START TASK MATERIAL

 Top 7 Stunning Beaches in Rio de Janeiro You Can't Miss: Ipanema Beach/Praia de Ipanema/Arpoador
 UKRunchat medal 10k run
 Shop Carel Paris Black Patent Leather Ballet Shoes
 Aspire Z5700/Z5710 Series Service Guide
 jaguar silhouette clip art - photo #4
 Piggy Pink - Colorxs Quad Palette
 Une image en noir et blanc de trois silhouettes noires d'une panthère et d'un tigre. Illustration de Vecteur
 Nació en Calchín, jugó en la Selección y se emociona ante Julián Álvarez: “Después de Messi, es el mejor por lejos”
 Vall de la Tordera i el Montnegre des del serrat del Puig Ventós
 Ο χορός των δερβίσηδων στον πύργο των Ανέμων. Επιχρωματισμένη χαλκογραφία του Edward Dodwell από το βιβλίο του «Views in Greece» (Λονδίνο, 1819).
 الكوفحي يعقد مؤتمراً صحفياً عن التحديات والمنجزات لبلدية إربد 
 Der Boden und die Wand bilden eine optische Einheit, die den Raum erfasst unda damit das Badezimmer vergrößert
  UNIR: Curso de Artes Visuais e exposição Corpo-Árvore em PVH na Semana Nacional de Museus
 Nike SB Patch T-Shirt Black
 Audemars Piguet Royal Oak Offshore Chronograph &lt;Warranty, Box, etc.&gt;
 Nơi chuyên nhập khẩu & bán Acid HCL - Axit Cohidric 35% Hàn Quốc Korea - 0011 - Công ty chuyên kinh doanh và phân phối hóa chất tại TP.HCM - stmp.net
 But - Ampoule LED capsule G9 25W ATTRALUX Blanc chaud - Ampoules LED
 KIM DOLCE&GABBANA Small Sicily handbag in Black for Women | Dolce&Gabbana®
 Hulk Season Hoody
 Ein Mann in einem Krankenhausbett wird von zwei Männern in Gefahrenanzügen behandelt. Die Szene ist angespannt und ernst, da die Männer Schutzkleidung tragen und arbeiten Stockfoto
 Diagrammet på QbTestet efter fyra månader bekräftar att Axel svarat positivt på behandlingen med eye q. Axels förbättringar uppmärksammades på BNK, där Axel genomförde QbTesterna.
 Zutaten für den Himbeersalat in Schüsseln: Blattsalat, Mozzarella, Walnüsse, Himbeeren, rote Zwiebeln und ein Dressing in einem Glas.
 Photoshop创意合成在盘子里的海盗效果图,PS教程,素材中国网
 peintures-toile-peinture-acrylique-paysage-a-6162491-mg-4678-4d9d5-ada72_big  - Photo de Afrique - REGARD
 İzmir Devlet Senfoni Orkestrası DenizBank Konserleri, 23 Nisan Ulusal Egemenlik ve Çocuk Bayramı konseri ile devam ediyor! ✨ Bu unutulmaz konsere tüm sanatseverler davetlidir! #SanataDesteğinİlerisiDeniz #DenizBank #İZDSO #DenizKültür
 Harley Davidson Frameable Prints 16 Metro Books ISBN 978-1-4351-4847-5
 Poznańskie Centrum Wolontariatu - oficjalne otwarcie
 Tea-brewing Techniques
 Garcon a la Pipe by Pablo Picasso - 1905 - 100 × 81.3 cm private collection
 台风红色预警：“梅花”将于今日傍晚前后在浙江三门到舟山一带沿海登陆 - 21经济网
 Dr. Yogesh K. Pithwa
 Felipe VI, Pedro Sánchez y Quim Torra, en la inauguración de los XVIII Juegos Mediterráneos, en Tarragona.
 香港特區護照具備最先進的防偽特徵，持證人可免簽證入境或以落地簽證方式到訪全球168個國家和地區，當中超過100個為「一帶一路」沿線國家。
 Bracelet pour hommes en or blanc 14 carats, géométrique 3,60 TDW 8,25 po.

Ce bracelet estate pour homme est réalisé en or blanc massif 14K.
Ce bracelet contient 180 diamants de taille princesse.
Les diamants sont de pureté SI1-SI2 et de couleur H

END TASK MATERIAL

• TASK: The entries are to be duplicated exactly, with nothing changed.

• SOLUTION FOR THIS PROBLEM:
 Top 7 Stunning Beaches in Rio de Janeiro You Can't Miss: Ipanema Beach/Praia de Ipanema/Arpoador
 UKRunchat medal 10k run
 Shop Carel Paris Black Patent Leather Ballet Shoes
 Aspire Z5700/Z5710 Series Service Guide
 jaguar silhouette clip art - photo #4
 Piggy Pink - Colorxs Quad Palette
 Une image en noir et blanc de trois silhouettes noires d'une panthère et d'un tigre. Illustration de Vecteur
 Nació en Calchín, jugó en la Selección y se emociona ante Julián Álvarez: “Después de Messi, es el mejor por lejos”
 Vall de la Tordera i el Montnegre des del serrat del Puig Ventós
 Ο χορός των δερβίσηδων στον πύργο των Ανέμων. Επιχρωματισμένη χαλκογραφία του Edward Dodwell από το βιβλίο του «Views in Greece» (Λονδίνο, 1819).
 الكوفحي يعقد مؤتمراً صحفياً عن التحديات والمنجزات لبلدية إربد 
 Der Boden und die Wand bilden eine optische Einheit, die den Raum erfasst unda damit das Badezimmer vergrößert
  UNIR: Curso de Artes Visuais e exposição Corpo-Árvore em PVH na Semana Nacional de Museus
 Nike SB Patch T-Shirt Black
 Audemars Piguet Royal Oak Offshore Chronograph &lt;Warranty, Box, etc.&gt;
 Nơi chuyên nhập khẩu & bán Acid HCL - Axit Cohidric 35% Hàn Quốc Korea - 0011 - Công ty chuyên kinh doanh và phân phối hóa chất tại TP.HCM - stmp.net
 But - Ampoule LED capsule G9 25W ATTRALUX Blanc chaud - Ampoules LED
 KIM DOLCE&GABBANA Small Sicily handbag in Black for Women | Dolce&Gabbana®
 Hulk Season Hoody
 Ein Mann in einem Krankenhausbett wird von zwei Männern in Gefahrenanzügen behandelt. Die Szene ist angespannt und ernst, da die Männer Schutzkleidung tragen und arbeiten Stockfoto
 Diagrammet på QbTestet efter fyra månader bekräftar att Axel svarat positivt på behandlingen med eye q. Axels förbättringar uppmärksammades på BNK, där Axel genomförde QbTesterna.
 Zutaten für den Himbeersalat in Schüsseln: Blattsalat, Mozzarella, Walnüsse, Himbeeren, rote Zwiebeln und ein Dressing in einem Glas.
 Photoshop创意合成在盘子里的海盗效果图,PS教程,素材中国网
 peintures-toile-peinture-acrylique-paysage-a-6162491-mg-4678-4d9d5-ada72_big  - Photo de Afrique - REGARD
 İzmir Devlet Senfoni Orkestrası DenizBank Konserleri, 23 Nisan Ulusal Egemenlik ve Çocuk Bayramı konseri ile devam ediyor! ✨ Bu unutulmaz konsere tüm sanatseverler davetlidir! #SanataDesteğinİlerisiDeniz #DenizBank #İZDSO #DenizKültür
 Harley Davidson Frameable Prints 16 Metro Books ISBN 978-1-4351-4847-5
 Poznańskie Centrum Wolontariatu - oficjalne otwarcie
 Tea-brewing Techniques
 Garcon a la Pipe by Pablo Picasso - 1905 - 100 × 81.3 cm private collection
 台风红色预警：“梅花”将于今日傍晚前后在浙江三门到舟山一带沿海登陆 - 21经济网
 Dr. Yogesh K. Pithwa
 Felipe VI, Pedro Sánchez y Quim Torra, en la inauguración de los XVIII Juegos Mediterráneos, en Tarragona.
 香港特區護照具備最先進的防偽特徵，持證人可免簽證入境或以落地簽證方式到訪全球168個國家和地區，當中超過100個為「一帶一路」沿線國家。
 Bracelet pour hommes en or blanc 14 carats, géométrique 3,60 TDW 8,25 po.

Ce bracelet estate pour homme est réalisé en or blanc massif 14K.
Ce bracelet contient 180 diamants de taille princesse.
Les diamants sont de pureté SI1-SI2 et de couleur H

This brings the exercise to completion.